Breast tumor classification according to the CIT classification into six subgroups of tumors. (a) Heatmap representing the expression of the 256 genes (nine clusters of genes represented by vertical color bars on the left of the heatmap) through the six groups. (b) Principal component analysis (PCA) of the samples of the coreset according to the 256 gene signature. The first principal component (PC1) represents the combined expression of the three transversal clusters (ER, AR and cell cycle), the second component (PC2) differentiates LumB and NormL. (c) Distribution of mean expression levels of the three transversal gene clusters (ER, AR and Cell Cycle) over the six main molecular subgroups. (d) Comparison of the CIT classification with those obtained using the Sorlie, Hu, Parker and Jönsson systems.

The overall distribution of the six subgroups was determined by three large gene clusters shared by at least two subgroups. The first one (cluster-VI, Figures 1a and c, Supplementary Table 3) containing ESR1 and correlated genes, defined two ER-negative (ER−) and four ER-positive (ER+) subgroups (Figures 1a and c). The second gene cluster (cluster-IV) included the androgen receptor (AR) gene and encompassed five subgroups.
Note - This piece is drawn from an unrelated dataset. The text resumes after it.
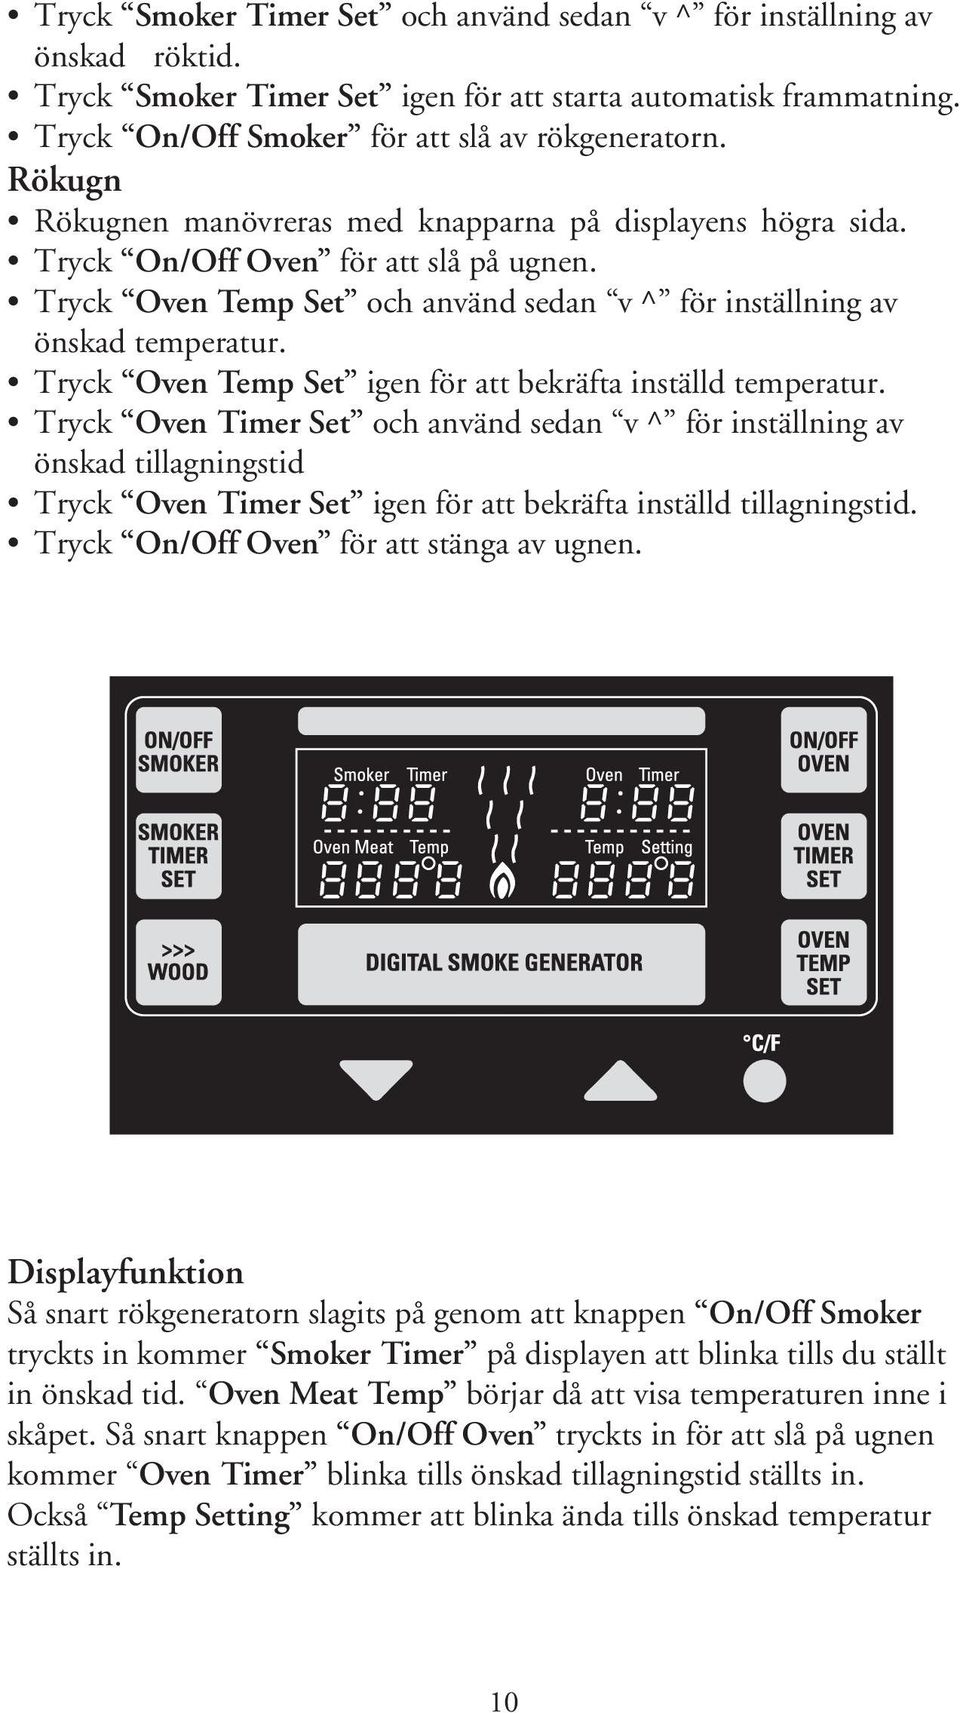 Tryck Oven Temp Set igen för att bekräfta inställd temperatur.
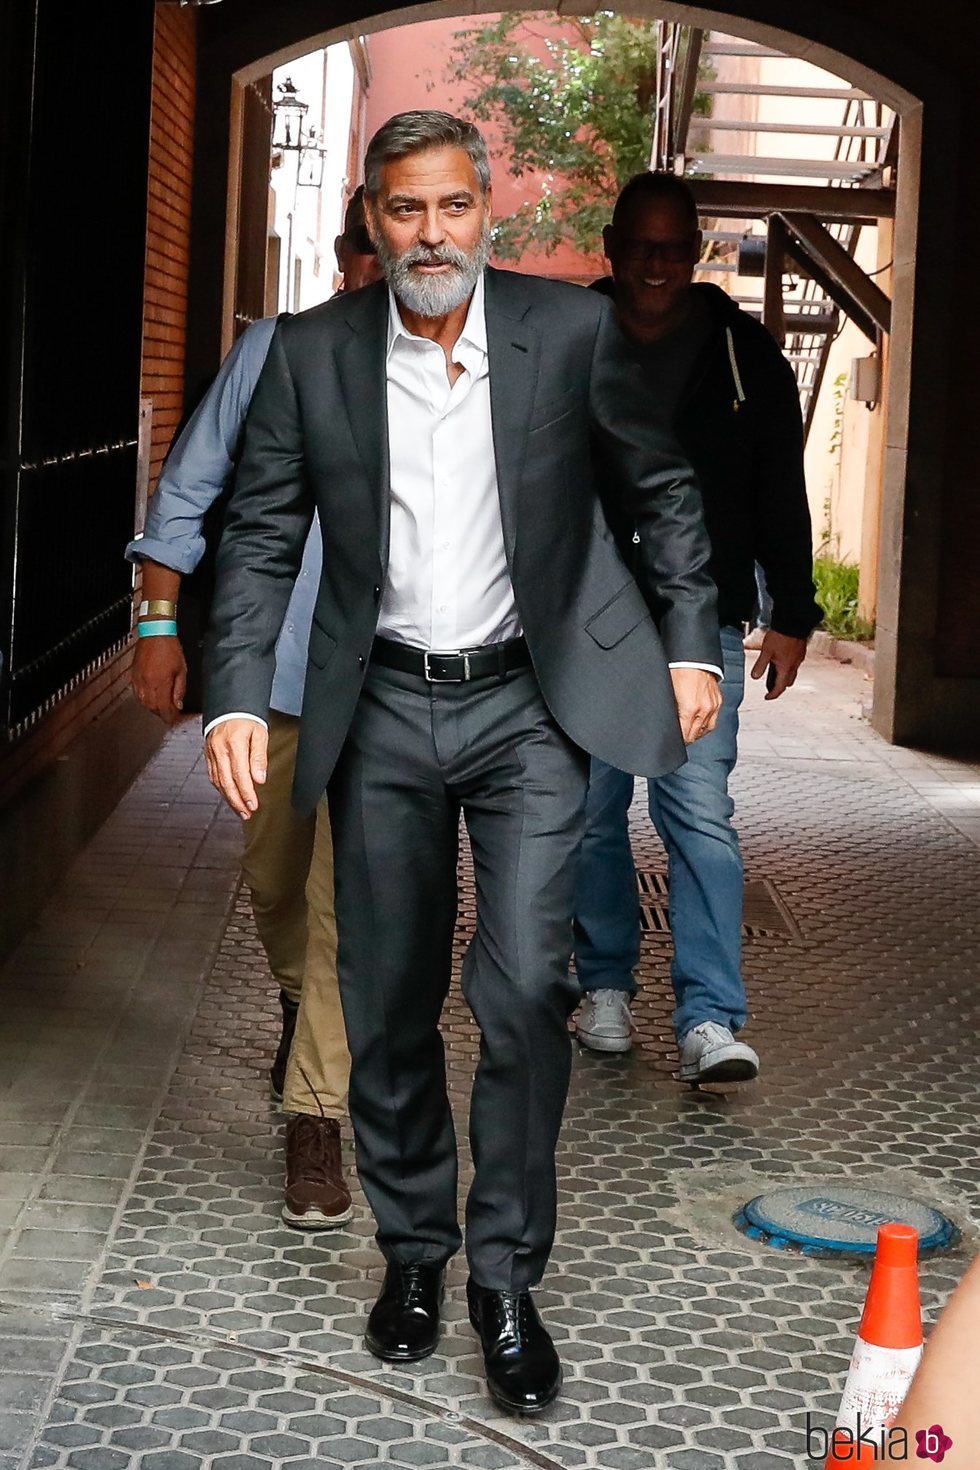 George Clooney por las calles de Madrid

Of the six subgroups, four were ER+/PR+/AR+, one was ER−/PR−/AR+ and one was triple negative (AR−/ER−/PR−; Figures 1a and c). Interestingly, cluster-IV included transcription factors FOXA1, SPDEF and XBP1, which are usually associated to the ER-cluster (Bertucci et al., 2006). The third cluster (cluster-II) was predominantly composed of genes regulating DNA replication and cell cycle progression, thus defining elevated cell proliferation. This cluster encompassed both ER− and two ER+ subgroups (Figures 1a and c).

Each subgroup was defined by a specific gene cluster (Supplementary Figure 2) in which we found genes previously part of the Sorlie centroids. Hence, for simplicity we named our subgroups according to the Sorlie subtype (Sorlie et al., 2003). ER+ subgroups were split according to expression levels of the cell cycle cluster. Low proliferative ER+ subgroups were differentiated by clusters-III and IX (Figure 1a, Supplementary Figure 2), comprising respectively genes from the Sorlie luminal-A and normal-like centroids (Supplementary Table 3) and were, thus, designated LumA and NormL. The two high proliferation ER+ subgroups differed sharply in ER-cluster expression levels. The subgroup expressing highest levels of ER was named LumB. The other subgroup, positioned at the boundary between ER+ and ER− tumors, was designated LumC (Figures 1a–c). Noteworthy, 40% of LumC tumors overexpressed the ERBB2/HER2 gene.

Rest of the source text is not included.